I chose the incredibly versatile duck legs as my canvas and infused them with herbs, ginger and crushed star anise along with few pinches of salt to extract moisture. The inspiration for the glaze/sauce came from leftover maple syrup brought by American friends last summer and is loosely based on a gastrique, the sweet and sour reduction that is the foundation for great recipes such as the classic duck à l’orange and many fruit sauces. The legs were slow-roasted until the meat was fragrant and tender, then glazed with the maple gastrique and finished in the oven for few more minutes until the skin was crackly and mahogany. They can be paired with pan-roasted turnips or potatoes, and steamed basmati rice. I also suspect that fluffy mashed potatoes would make a great sidekick.  I wouldn’t dare to say that the result was heavenly. Was it pretty good? Definitely.

Maple-Glazed Duck Legs

Six servings

  • 21/2 teaspoons coarse salt
  • 1 teaspoon grated fresh ginger
  • 1 garlic clove, minced
  • 1 teaspoon hot pepper flakes
  • 2 star anise, crushed
  • 2 teaspoons dried thyme
  • 6 duck legs
  • 1/2 cup pure maple syrup
  • ¼ cup red wine vinegar
  • 11/2 cups red wine
  • Bouquet garni: 1 ½-inch slice fresh ginger, ½ teaspoon dry thyme, 5 peppercorns, 1 star anise wrapped in cheesecloth
  • Freshly ground black pepper to taste

Combine the coarse salt, ginger, pepper flakes, star anise and thyme in a large mixing bowl.  Add the duck legs and rub with the salt mixture until they are evenly coated.  Cover the bowl with plastic wrap and refrigerate for at least 6 hours or overnight.

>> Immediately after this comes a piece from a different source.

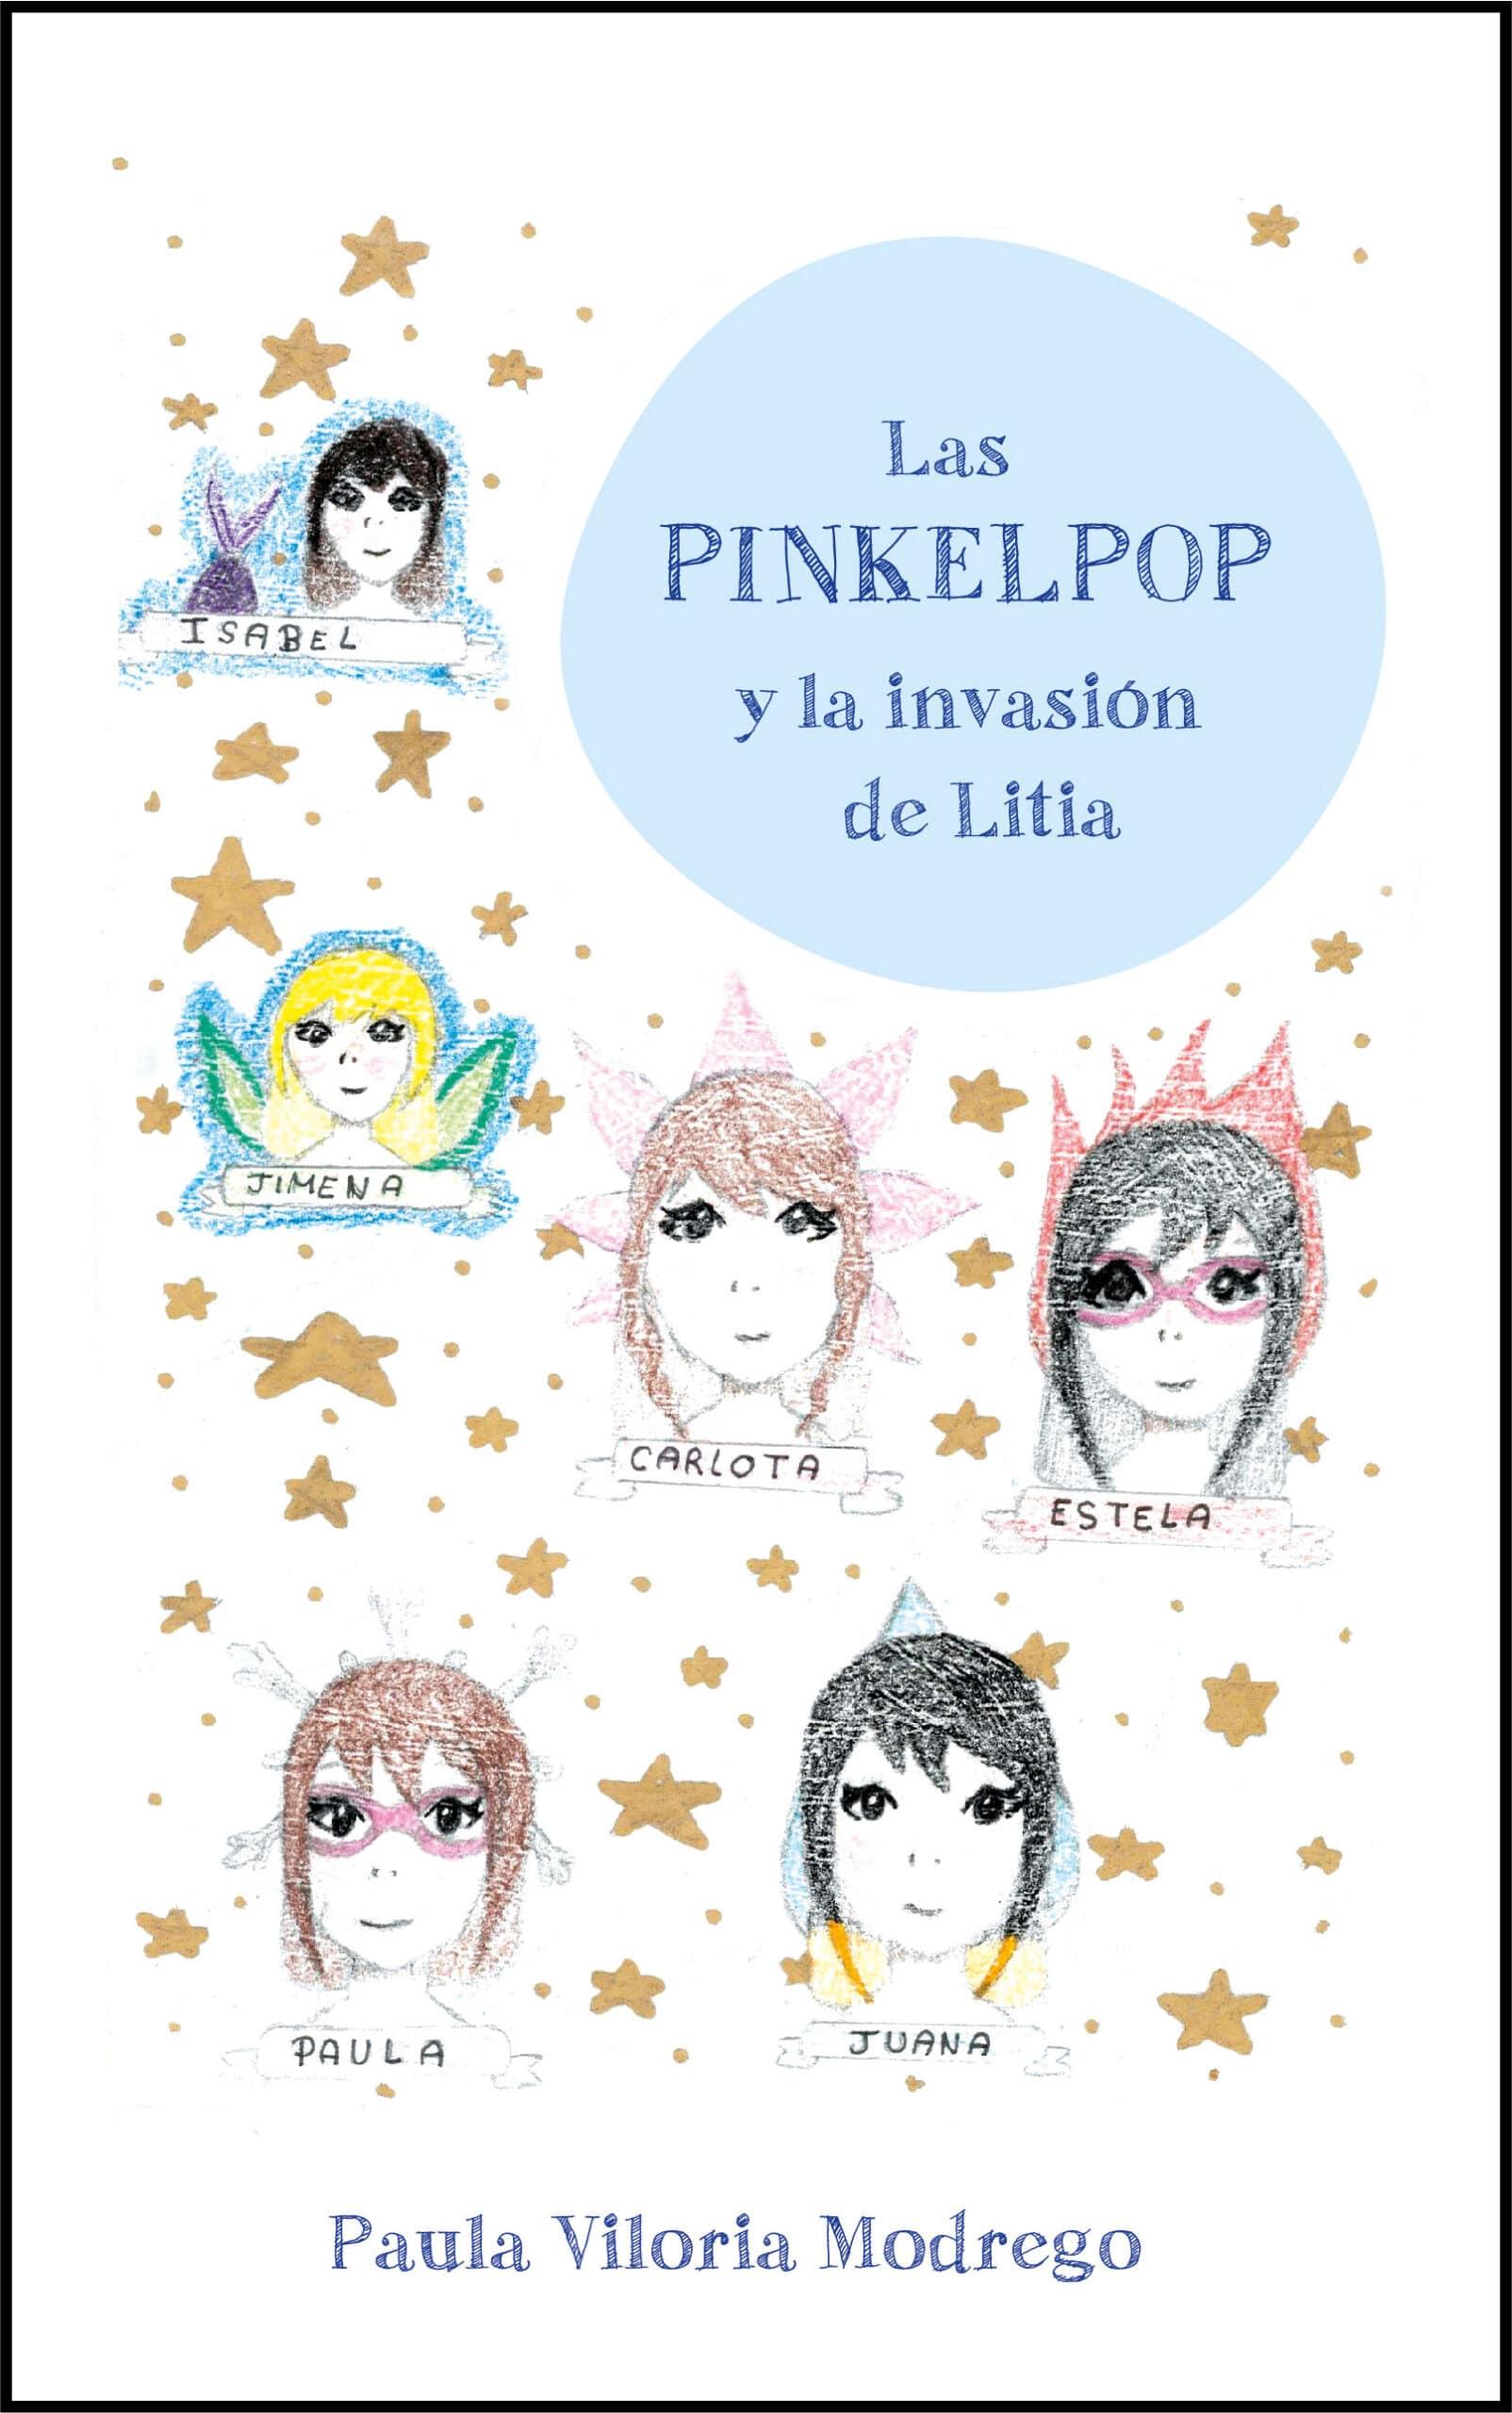 Las PINKELPOP y la invasión de Litia, de Paula Viloria Modrego

When ready to cook, preheat the oven to 350 degrees.

Whip off the duck legs with paper towels and place them skin side up on a single layer in a baking dish. Roast for 1 hour.

Meanwhile, bring the maple syrup to a boil in a heavy saucepan and simmer for 2 minutes.  Add the vinegar, stirring constantly.  Lower the heat and simmer for 5 minutes. Add the red wine and bouquet garni, and simmer until the liquid is reduce to about ¾ cup.  Season to taste with freshly ground pepper, if desired.  Remove from the heat and set aside.  Discard the bouquet garni.

Remove the legs from the oven and carefully pour off the fat from the pan.  Add ½ cup of cold water, gently loosen the legs, scraping the bottom of the pan.  Generously brush the maple sauce on the legs to glaze evenly and roast for another 30 minutes.

To serve, reheat the remaining sauce.  Arrange the duck legs on individual dinner plates and drizzle with the warm sauce.  Serve immediately.